Мы не знаем, каковы были на самом деле чувства Шопена к Констанции. Да и незачем нам это знать. Для меня самой большой неприятностью в фильме «Юность Шопена» было увидеть Гладковскую — такую конкретную, всамделишную, из плоти и крови. Разумеется, Констанция была существом небесплотным, и даже наверняка отнюдь не бесплотным. В Варшаву она приехала из Радома, ее отец был управляющим замком, она ходила в консерваторию, была любимой ученицей Соливы, под руководством которого надорвала приятный от природы голос так, что, по словам панны Зонтаг, ей должно было его хватить на каких-нибудь два года; дружила она с панной Волковой, по всей видимости дочерью русского чиновника. Панна Волкова была помилее, посмекалистее, посмелее Констанции, жила, конечно же, в родительском доме, в тот год носила траур по матушке. Это были две заурядные ученицы консерватории, такие попадаются и сегодня. Констанция, должно быть, болела малокровием, и у нее частенько бывали ячмени, потому что глаз она закрывала повязкой. Хорошенькие, совсем не недотроги, эти панны, порхавшие по городу, постоянно были окружены стайкой поклонников. Около них беспрестанно увивались офицеришки князя Константина, дело обычнейшее; наверняка благодаря связям панны Волковой, обе они проводили время в русском обществе Они встречались с этими офицерами на музыкальных вечерах; к огорчению Эльснера, офицеры навешали девушек и в консерваторском «общежитии». Один из этих адъютантов, Грессер, пел совсем сносно. Так что, во всяком случае, эти дамы не бывали «в свете», в буржуазных салонах. Констанция не появлялась в доме Шопенов, и даже Титус Войцеховский ее не знал.

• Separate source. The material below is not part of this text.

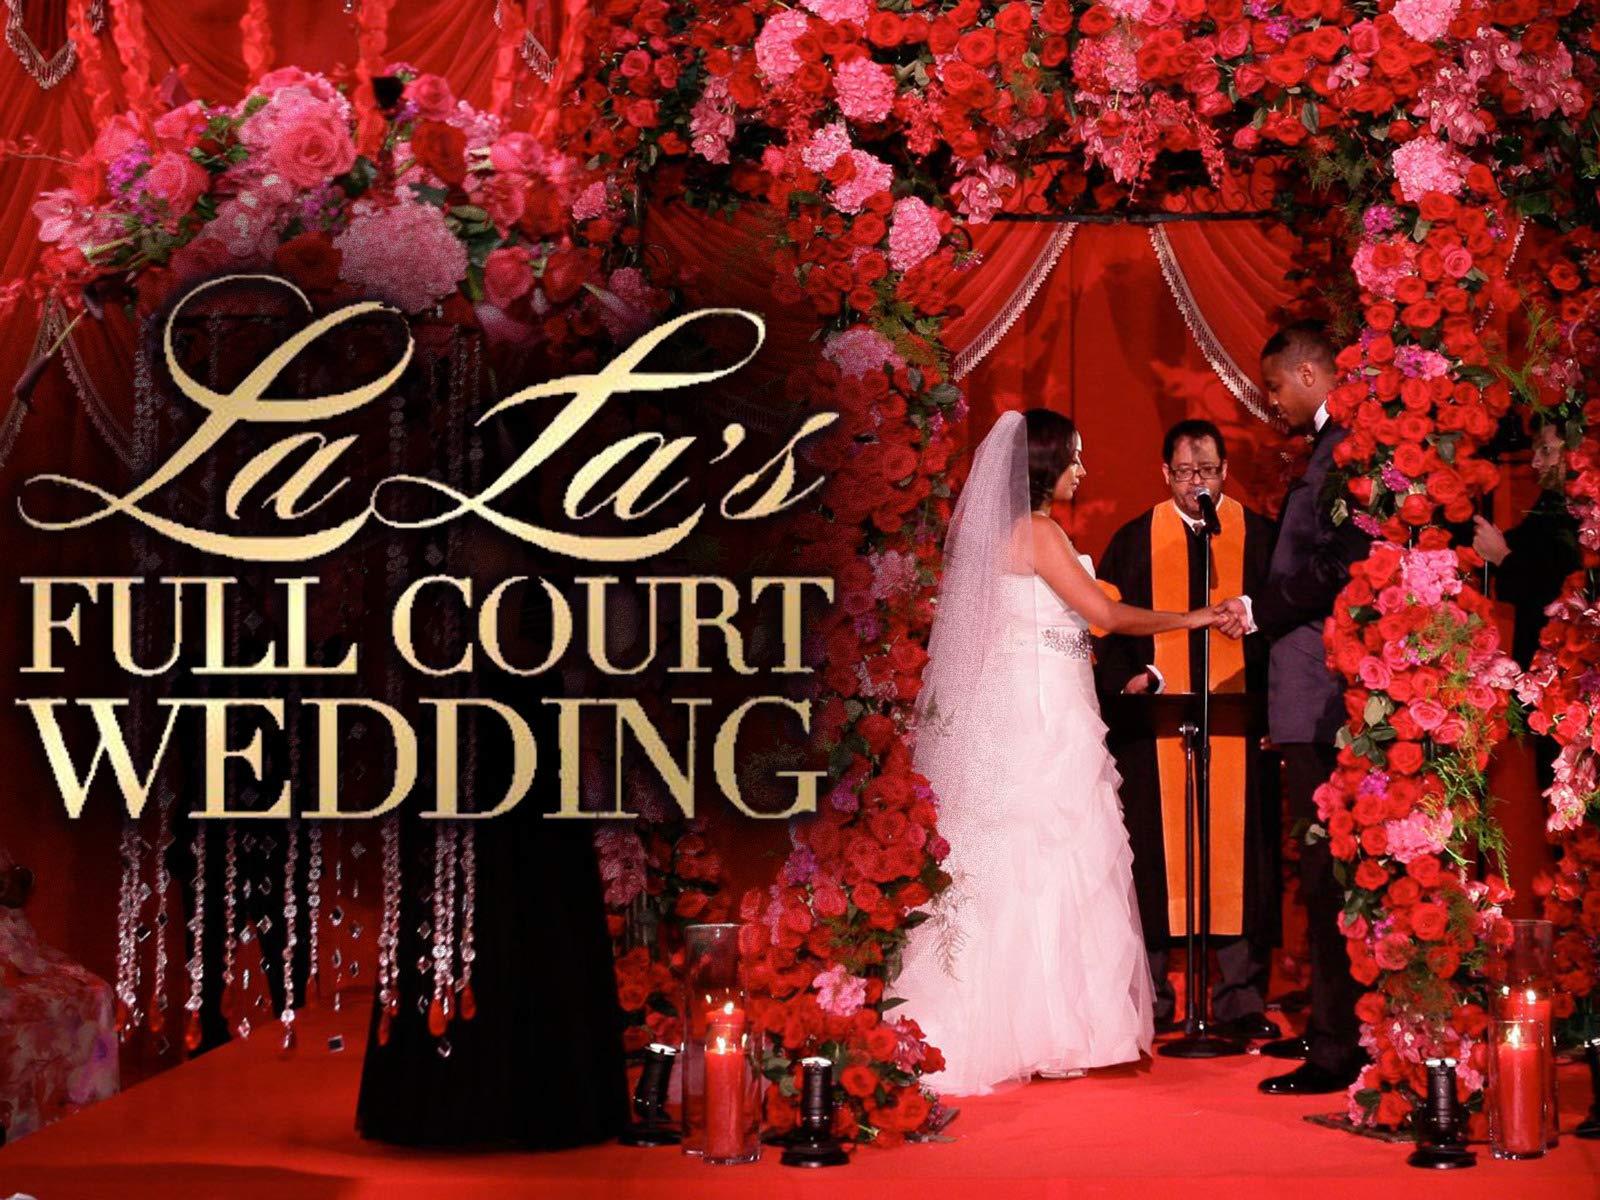 La La's Full Court Wedding
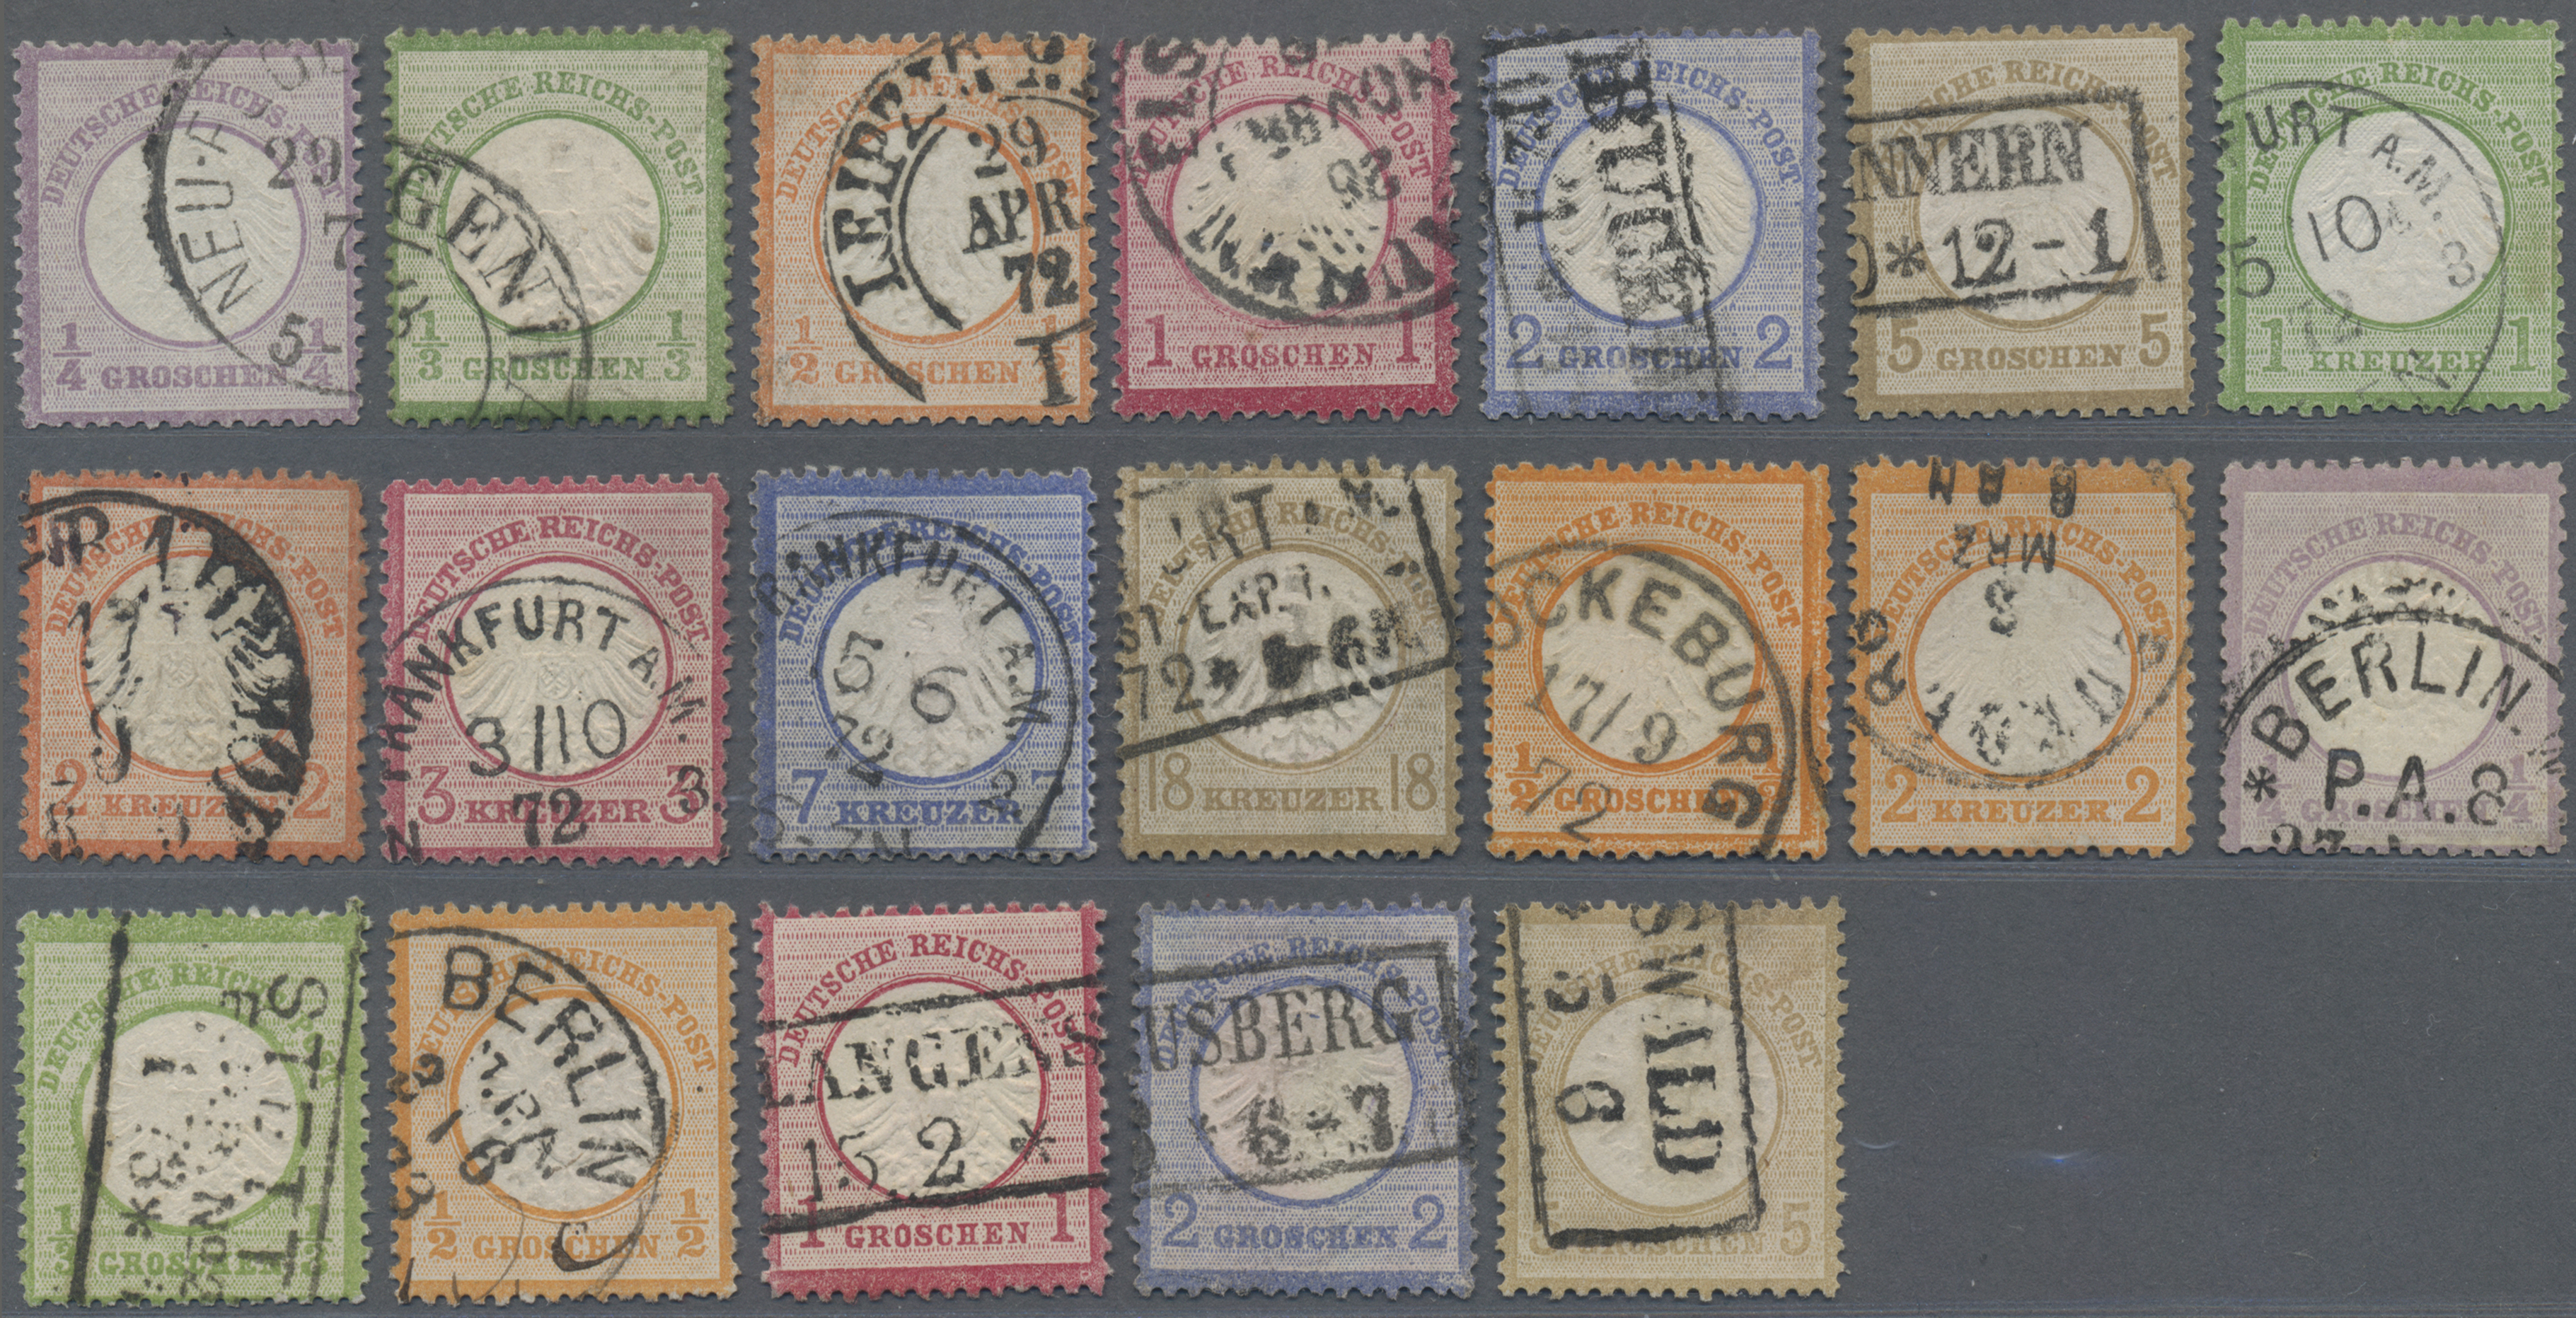 Lot 22104 - nachlässe  -  Auktionshaus Christoph Gärtner GmbH & Co. KG Sale #49 Collections Overseas, Thematics, Europe, Germany/Estates

Обе панны готовились в оперные певицы, и их дебют состоялся тогда же, в конце того самого знаменательного для Шопена периода, под осень 1830 года. Пение, думается, было таким же хорошим средством поймать мужа, как и всякое другое. Бедные девушки, не бывающие в «приличном» обществе, но, как каждая женщина, мечтающие о доме, муже, детях, таким вот образом стремились достичь желанной цели. Итак, как видим, ни Шопен, ни блестящие офицеры, гонявшиеся чаще всего за приданым, у Констанции в расчет не шли. Чем же мог привлечь ее, молоденькую провинциалочку, этот, пусть даже и гениальный, юнец? Ничем, положительно ничем. Ведь предугадать, что сулило ему будущее, она не могла, а этот салонный мотылек, каким его все знали, не подходил ей ни в мужья, ни тем паче в любовники. Впрочем, кого бы тогда Фрыцек не покорил! Это была искра, сгусток очарования — само изящество. Панна Констанция была им чуточку увлечена, в особенности после того, как он ей признался — и не только музыкой, — что он уже год любит ее. На прощание она даже вписала в альбом эти слова: Решил ты за славой неувядающей гнаться.

Родных и друзей покидаешь, отправляясь в дорогу.

Чужие лучше оценят тебя, может статься, Полюбить тебя крепче чужие не смогут, — к которым Шопен добавил горькое, ироничное, словно пассаж из какого-то скерцо, словечко: могут.